Mexico next week and I taking it: loaded with TriX.

Recently with Tmax400 (TMY-2):

10085387033_07e9bcebee.jpg
 
I just came back from checking out the Sony 35/1.8 and the Sony/Zeiss 24/1.8 side by side. Ugh. I think I'm going to need to go with the 24 for how I shoot.

I was going to ask why not go with the 24 since the 35mm perspective is where you are comfortable at. I think you made a good choice.
 
Using a single lens can be fun.

I enjoy the old Vivitar Series 1 90/2.5 "Bokina" macro lens in FD mount on a Canon T90 camera.

Macro + Portrait + Landscape capabilities.

When I also carry my Olympus OM-D, And an FD/m43 adapter, I also have a 180mm telephoto.

Texsport
 
We've talked about this before, but I'm slowly rediscovering that I do my best candid work when I head out with only one lens. No fussing with which lens to use forces me to work the scene. This was a lesson I learned years ago but forgot in the race to get all the bases covered with digital. I've been out of commission for several months, and now that I'm trying to get shooting again this is on my mind.

I'm seriously considering selling off my Sony NEX glass (three Sigmas in 28-40-90mm equivalents) and picking up a Sony 35/1.8 (50mm-e) to use as a one-and-only candids lens.

Has anyone else found that using a single lens provides creative focus and discipline?

You are just at step 2 in the program. Step 3 is just around the corner!


1: buy primes on all major focal lengths, supplement with zoom lenses
2: pick one lens or two to do 90% of your photography
3: reintegrate other useful focal lenghts, but use them with th eintelligence gained in step 2... i.e. don't walk out the door with 3 kg of glass hanging off your shoulder or assume that just because you have every lens in the bag, you'll bag the shot 🙂

I echo your journey, though on totally different platforms, and like many who've posted here, I now prefer to take either the 35 or the 50 with me, and supplement with a wide or tele, if the occasion really warrants it.
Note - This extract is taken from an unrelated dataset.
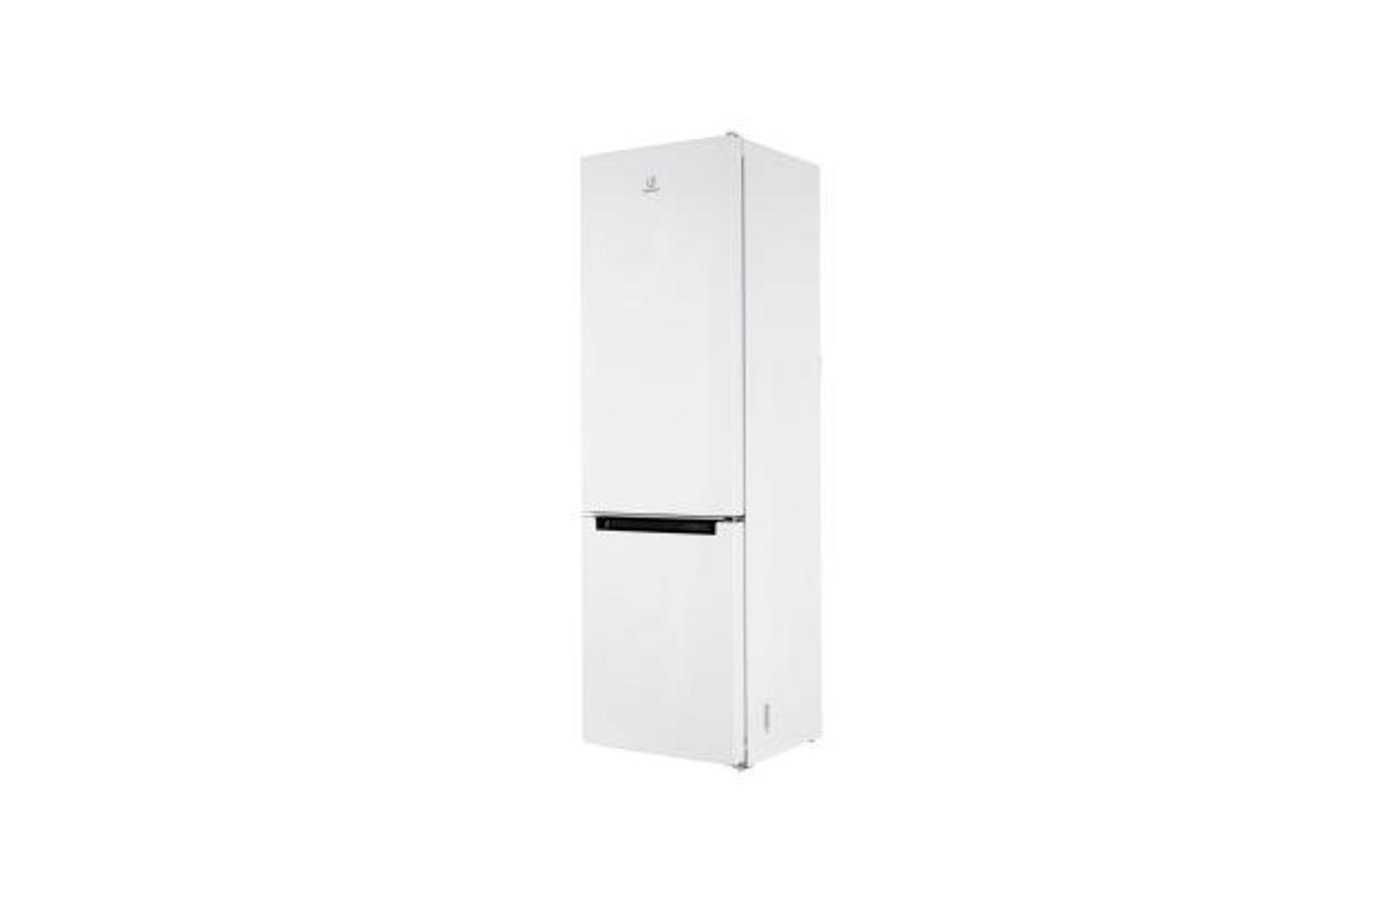 Холодильник Indesit DF 4180 W Доставка Бесплатная Гарантия 3/10 лет

Sometime, just for fun, I'll just take out the 90 as my single lens to see what I can come up with given that it's my least used lens. It's a good challenge and I usually end up with some great images.
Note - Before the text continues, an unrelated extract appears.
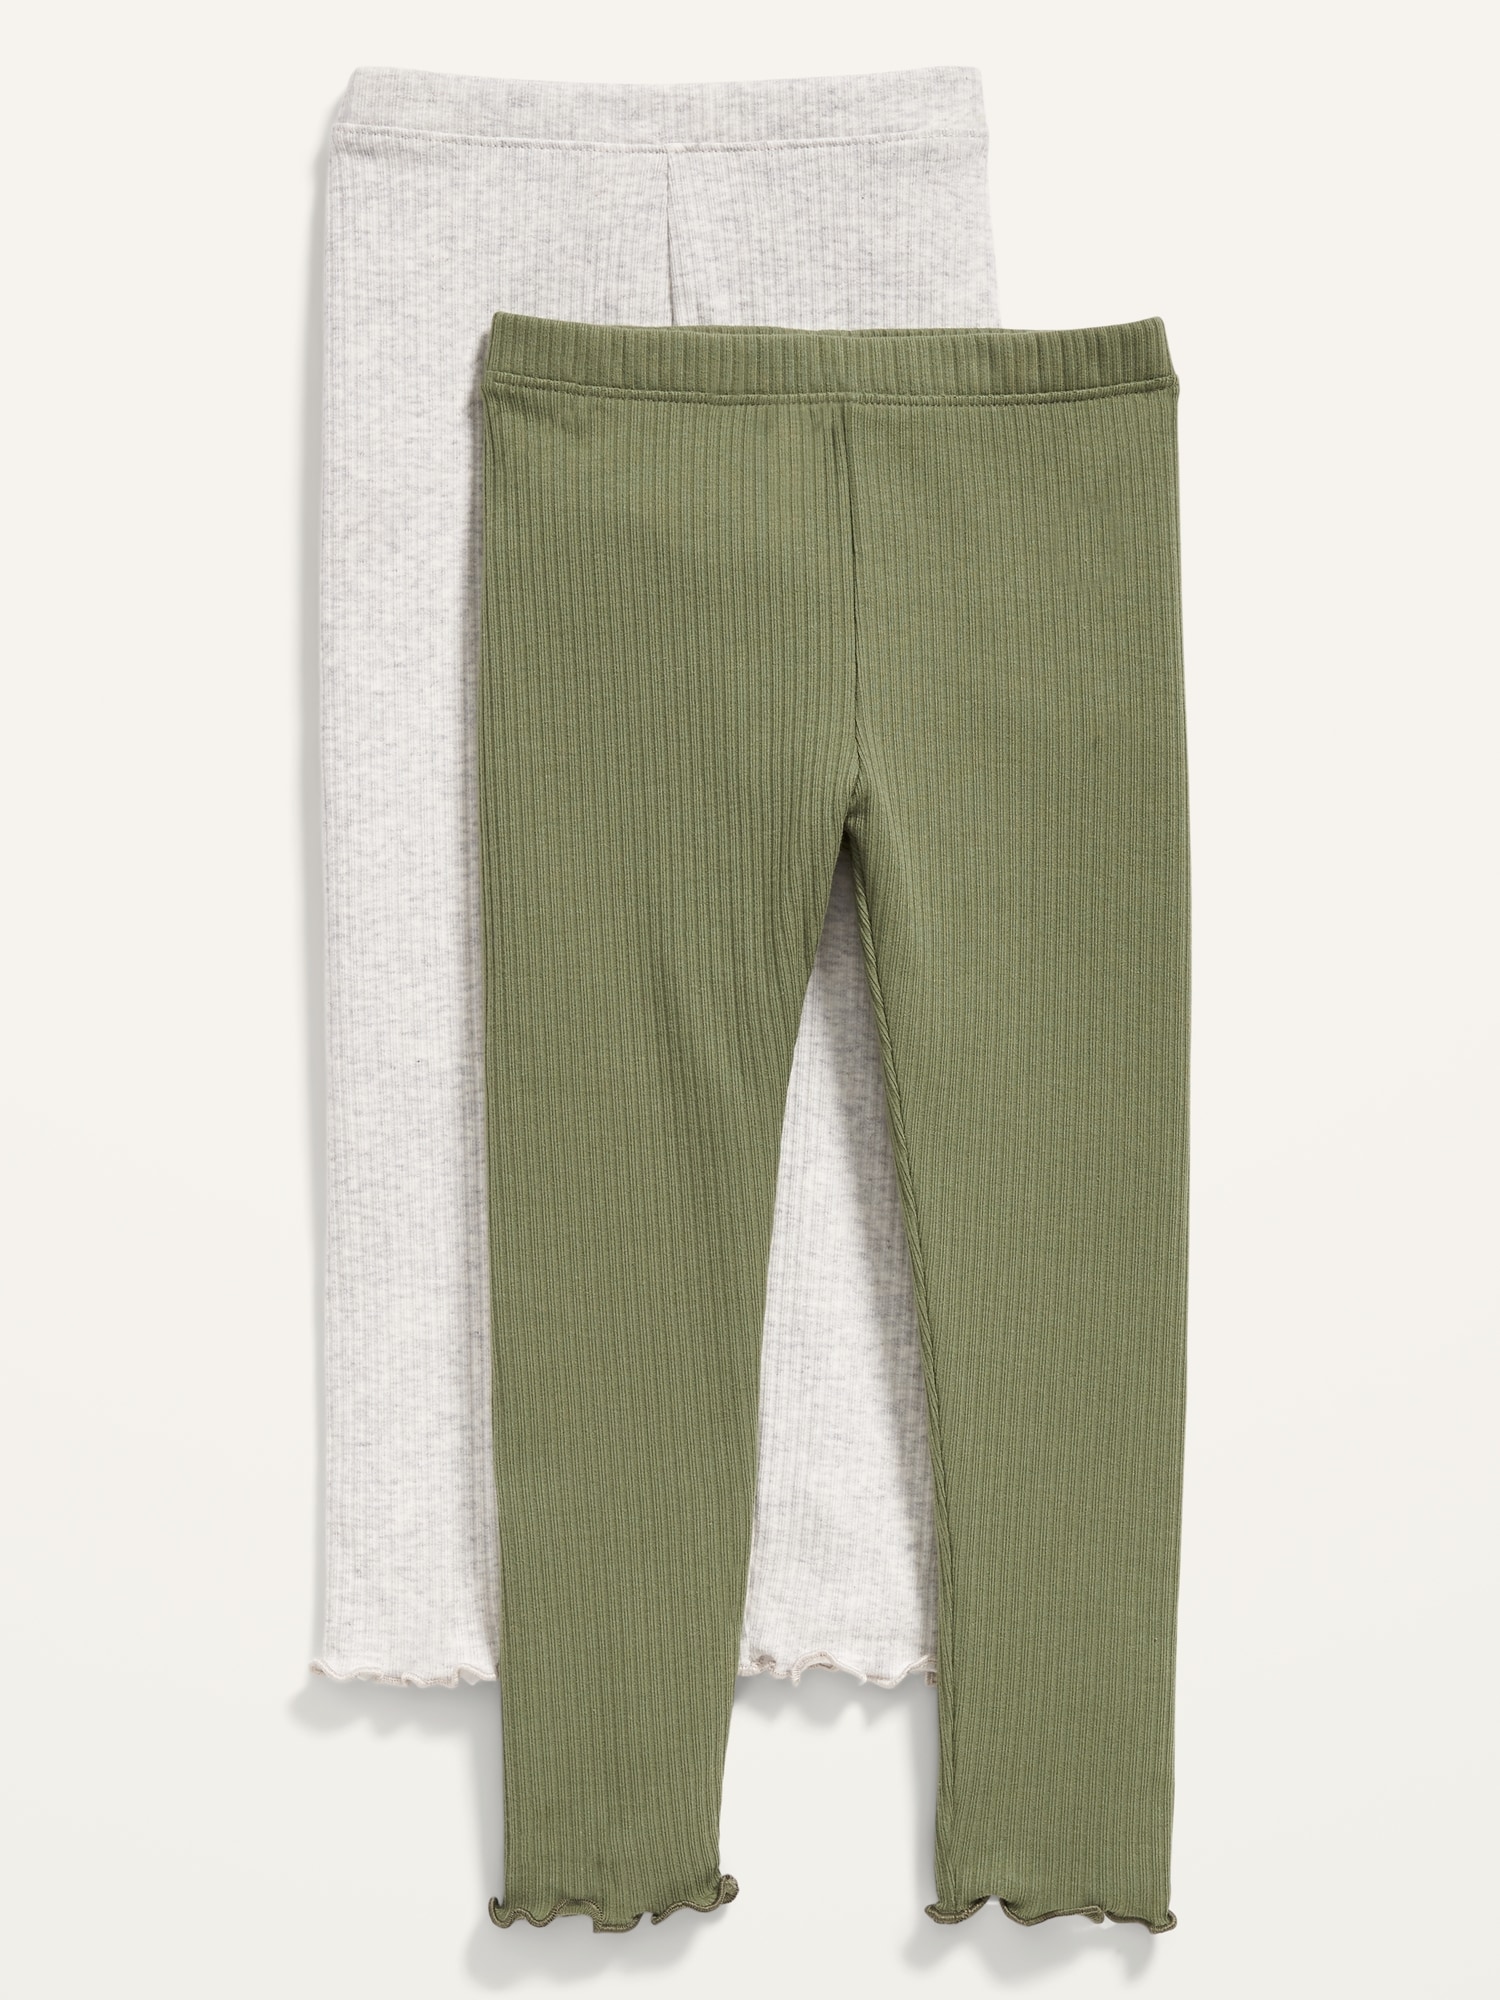 2-pack Rib-knit Leggings - Dark green/light green - Kids
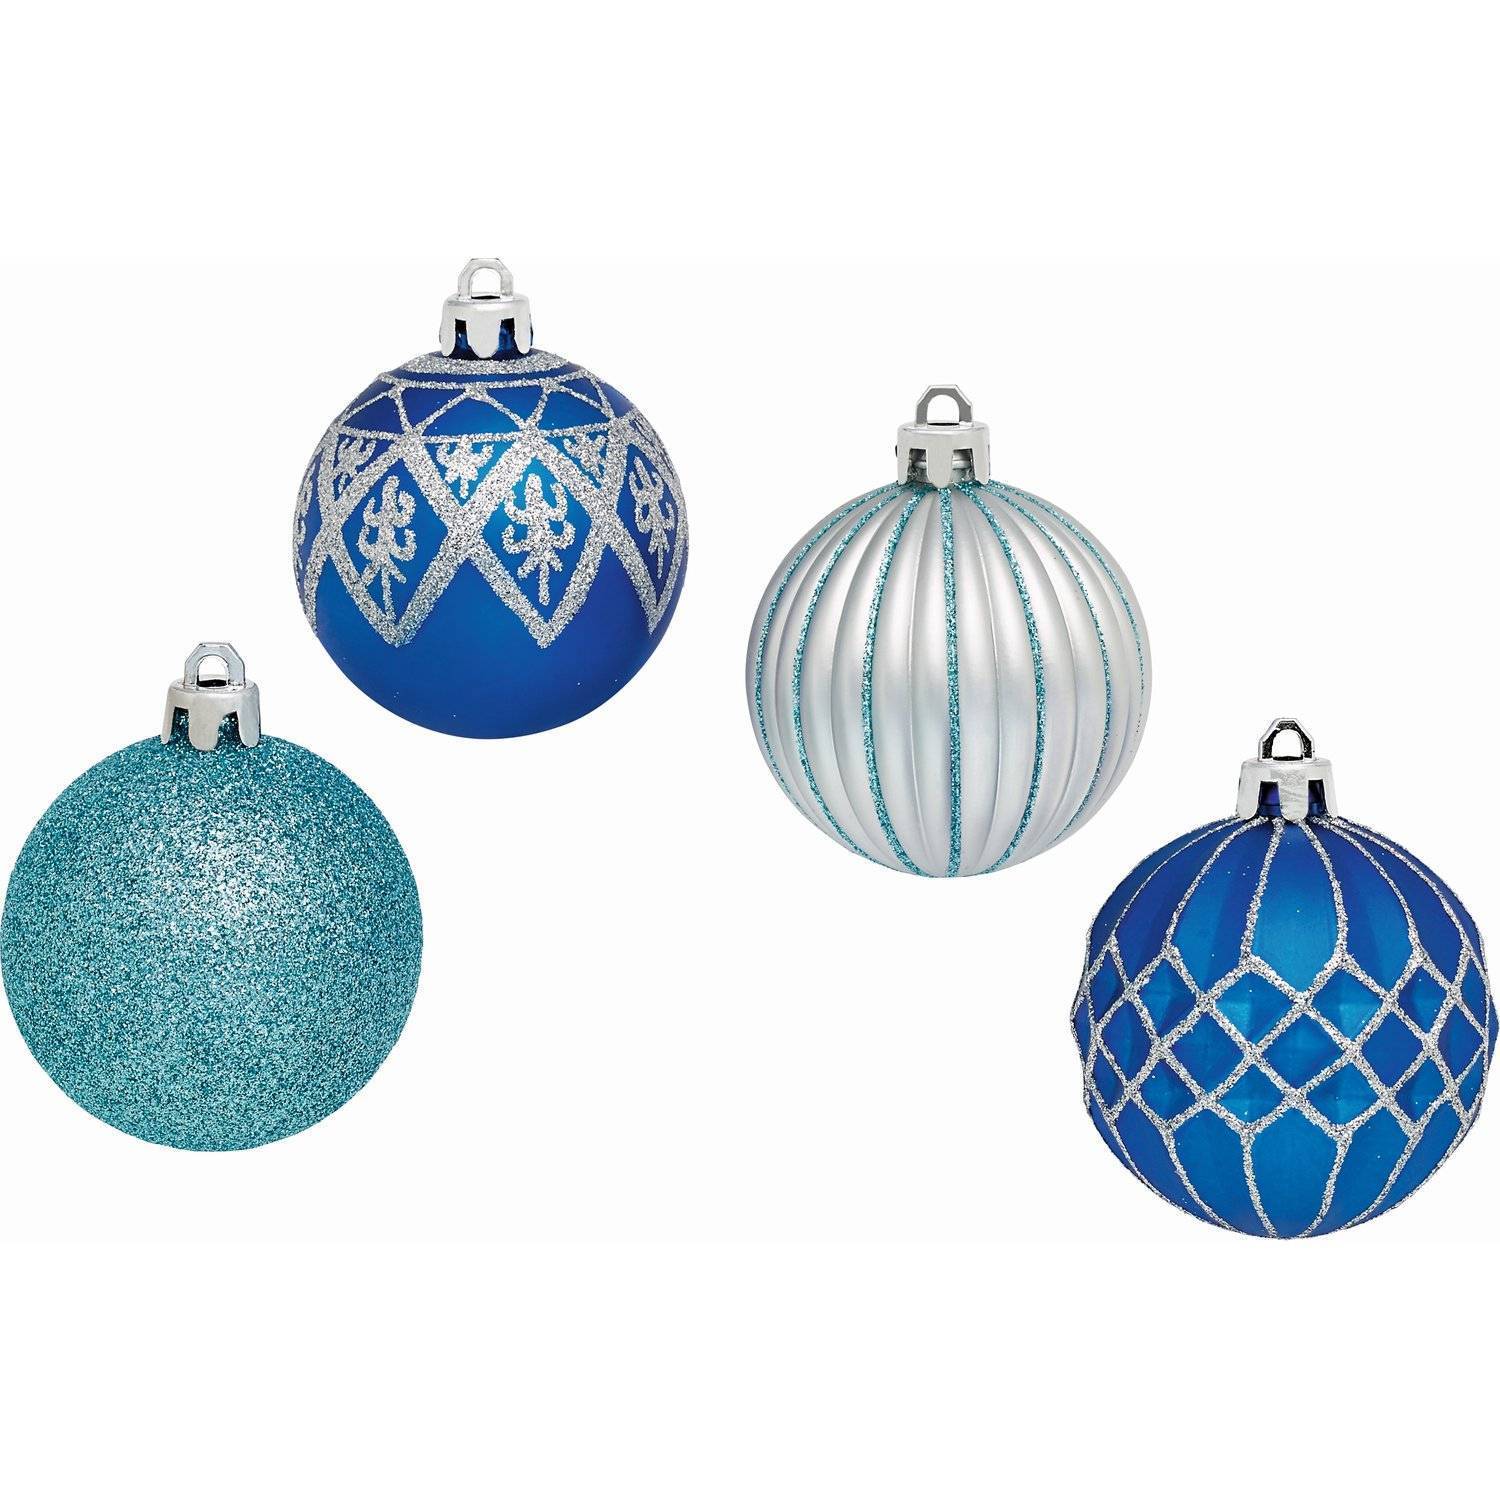 Синие шары на елку. Шар новогодний 6см 6шт снежно голубой mer9231-sq025 retal. Синие елочные шары. Новогодний шар (синий). Елочные игрушки синие.

PS- I'm obviously just an amateur, and I'm sure I'd act differently if I worked for a paper.
 
PS- I'm obviously just an amateur, and I'm sure I'd act differently if I worked for a paper.

It's interesting that you think so. I knew various press men, in the 'sixties and into the early seventies, who started their shifts with a Rolleiflex, a flash and five rolls of film. If it was a really busy day, they might take ten rolls.
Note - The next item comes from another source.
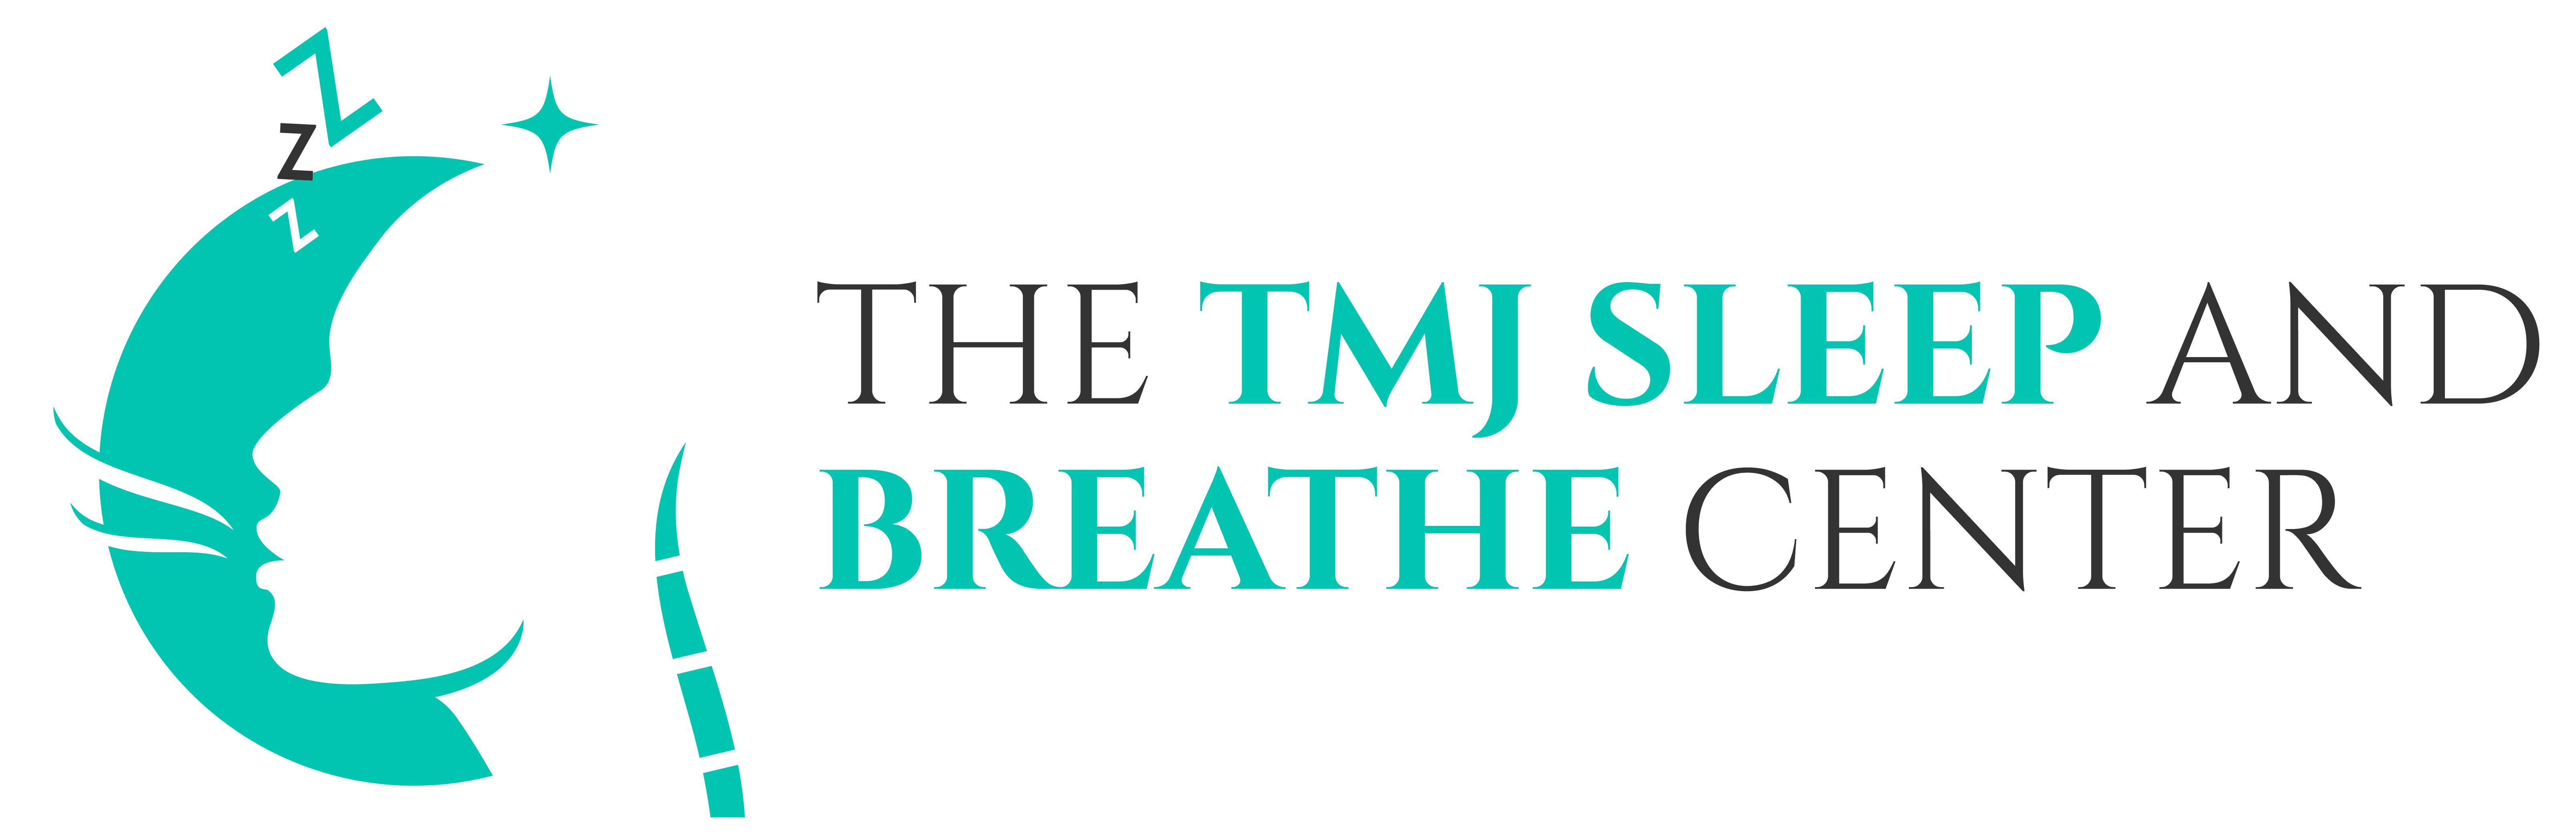 TMJ Sleep Apnea and Breathe Center

35mm press work in Britain didn't take off until the mid 'seventies, so far as I recall. There were people like Victor Blackman, who wrote a column in Amateur Photographer, that eulogised the Nikon system for press work but that level of investment was pretty much limited to Fleet Street. When I worked on a local paper in the London suburbs, around '68, our chief photographer carried a Canon 7. On the other hand, he was considered a dangerous radical. 😀
 
It's interesting that you think so. I knew various press men, in the 'sixties and into the early seventies, who started their shifts with a Rolleiflex, a flash and five rolls of film. If it was a really busy day, they might take ten rolls.

35mm press work in Britain didn't take off until the mid 'seventies, so far as I recall. There were people like Victor Blackman, who wrote a column in Amateur Photographer, that eulogised the Nikon system for press work but that level of investment was pretty much limited to Fleet Street. When I worked on a local paper in the London suburbs, around '68, our chief photographer carried a Canon 7. On the other hand, he was considered a dangerous radical. 😀

I still have back problems from the sack 'o Nikons I carried 24/7 when I was a full time working PJ back in the 80s... but that was differrent. Can you see showing up for a football game with just a 35, or to a Boy Scout award ceremony with only a 300? Getting the job done was paramount and trumped pure creativity - you learned to be creative with restrictions.
 
If the camera has a fixed lens then yeah, I go out with one lens. But if it has interchangeable lenses I want to just pick one but find myself taking a couple more, 'just in case'. That said I seldom change lenses on a walkabout, perhaps no more than one time out of eight that I'm on a stroll.